Deposed press lord Conrad Black is taking a public stand against the law enforcement and corporate-governance authorities that put him behind bars. [Andrew McCarthy/The New Criterion, earlier]
Economic liberty intertwined with civil liberty, part 7,914,886: “The paper used to produce newspapers came under government control in Argentina on Thursday, in a long-sought victory for President Cristina Fernandez in her dispute with the country’s opposition media,” reported AP last month. More from the BBC, and earlier from my Cato colleague Juan Carlos Hidalgo.

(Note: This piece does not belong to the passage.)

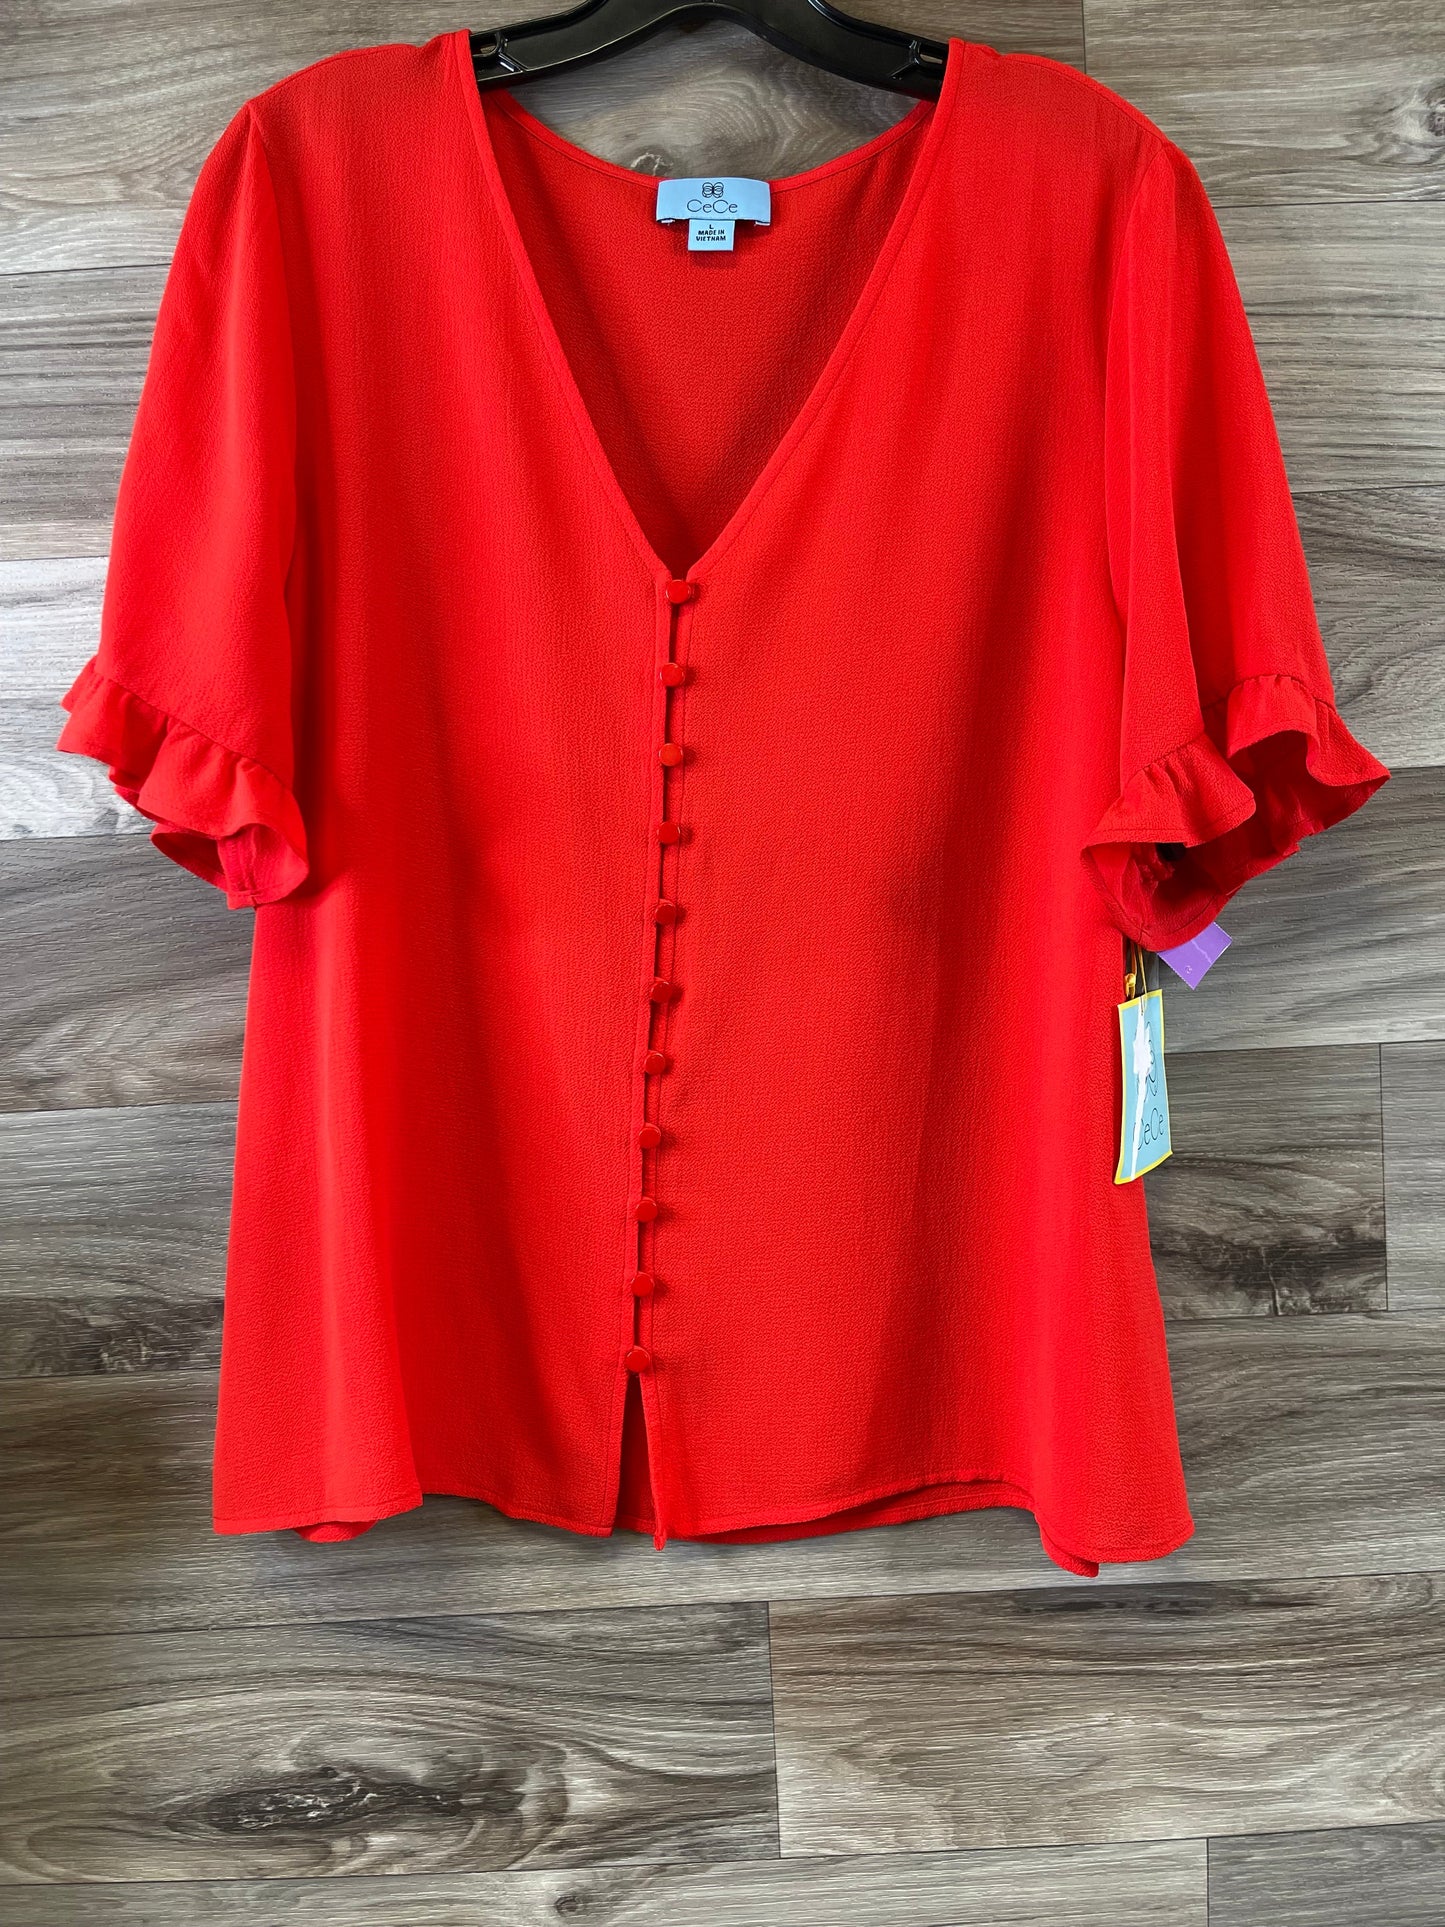 Red Top Short Sleeve Cece, Size Large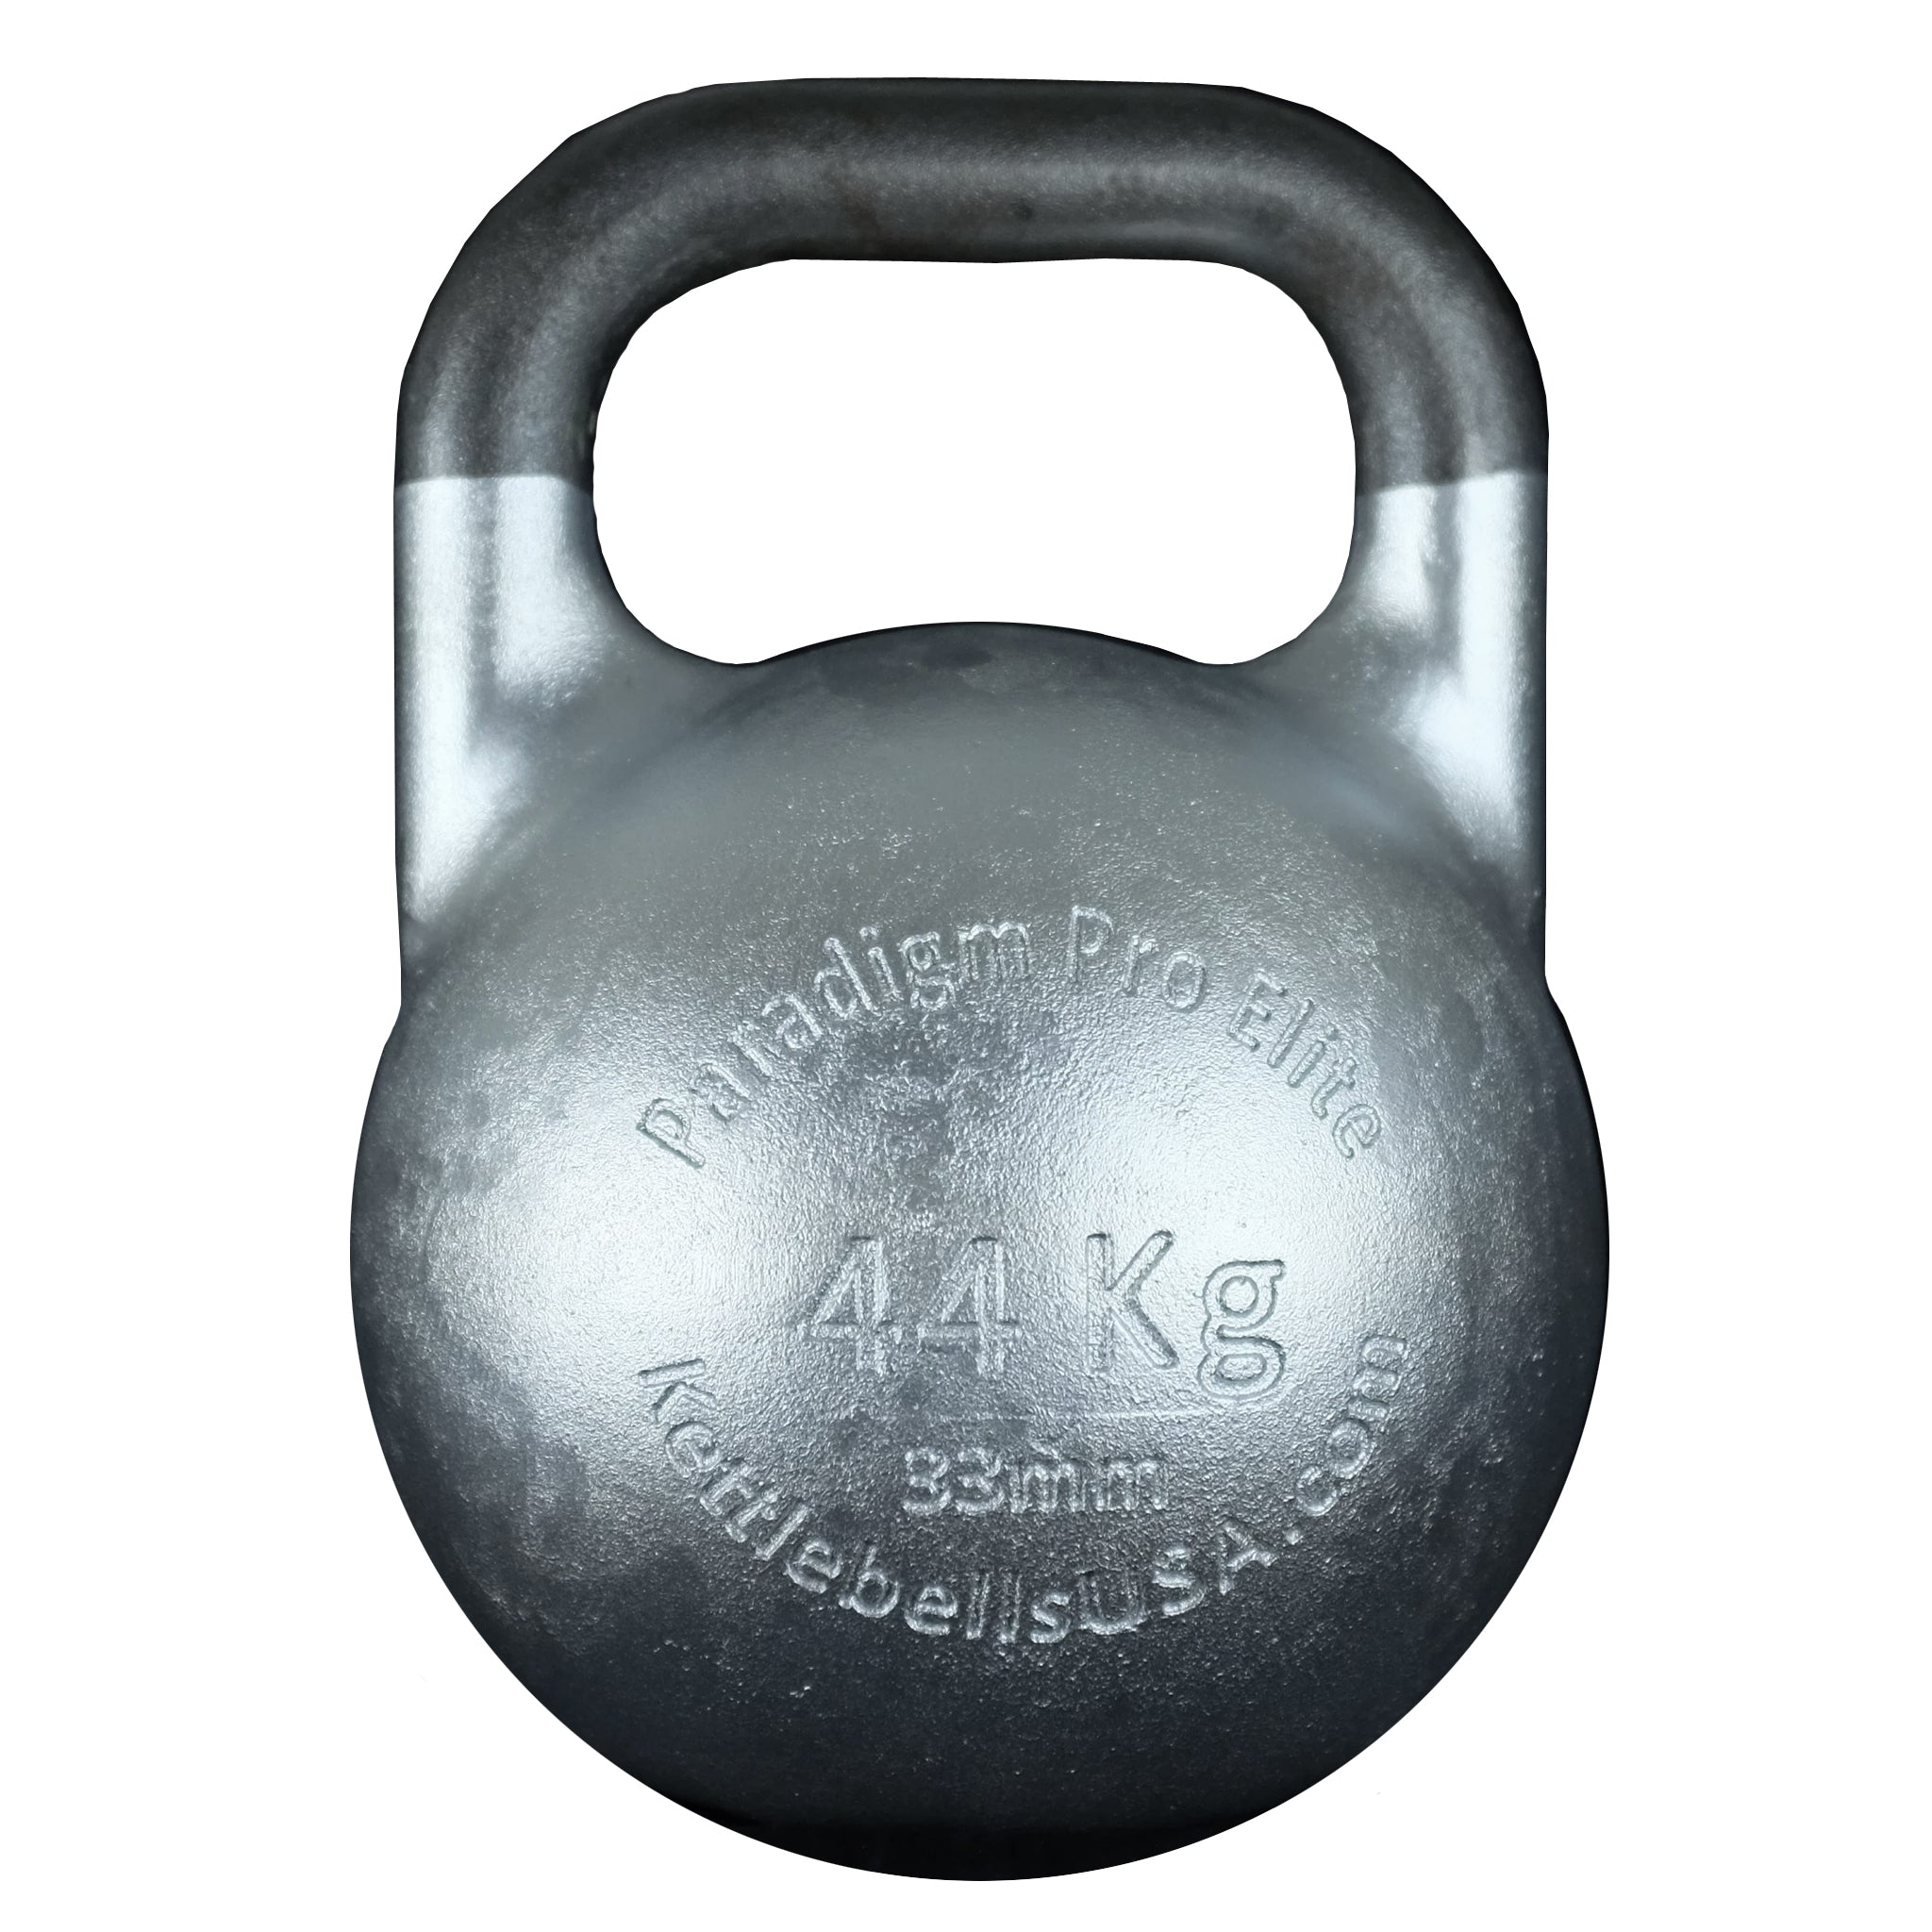 Paradigm Pro® Elite 33mm Handle Precision Competition Kettlebell – USA®

Independent papers in the South American republic are quite right to fear for their future, if earlier ventures into government newsprint control are any indication. Dictator Juan Peron used similar methods to muzzle the press, while in Mexico for decades governments of the ruling PRI closely controlled newsprint allocation, a power they were not hesitant to use to bring excessively independent publishers to heel. It came as an important move toward Mexican political liberalization in 1990 when the Salinas government did away with the controls, by allowing free importation of newsprint to any buyers subject to a modest tariff.
Significantly, the measure just signed by Argentine president Cristina Fernández de Kirchner inserts the government directly as a prospective owner of the business and contains provisions on newsprint imports as well. Per Impunity Watch:
Clarins newspaper notes that there are a number of disturbing aspects to the bill. First is the passage that allows for the state to unilaterally take a majority share of the company as the newsprint distribution is now classified a national interest. Also of concerns is the portion that would permit the Economy Minister to determine how much newsprint to import, establishing government quotas that have never before existed….
Concurrent with the media bill passage is a new anti-terrorism bill that classifies certain “economic crimes,” including certain actions taken by the media, as terrorist acts. The bill states that “economic terrorist acts” are those done with an intent to terrorize the general population.
Whether relatedly or not, the Argentine government last year launched prosecutions of independent economists who have asserted that the country’s actual inflation rate is higher than that reported by the government (& Coyote).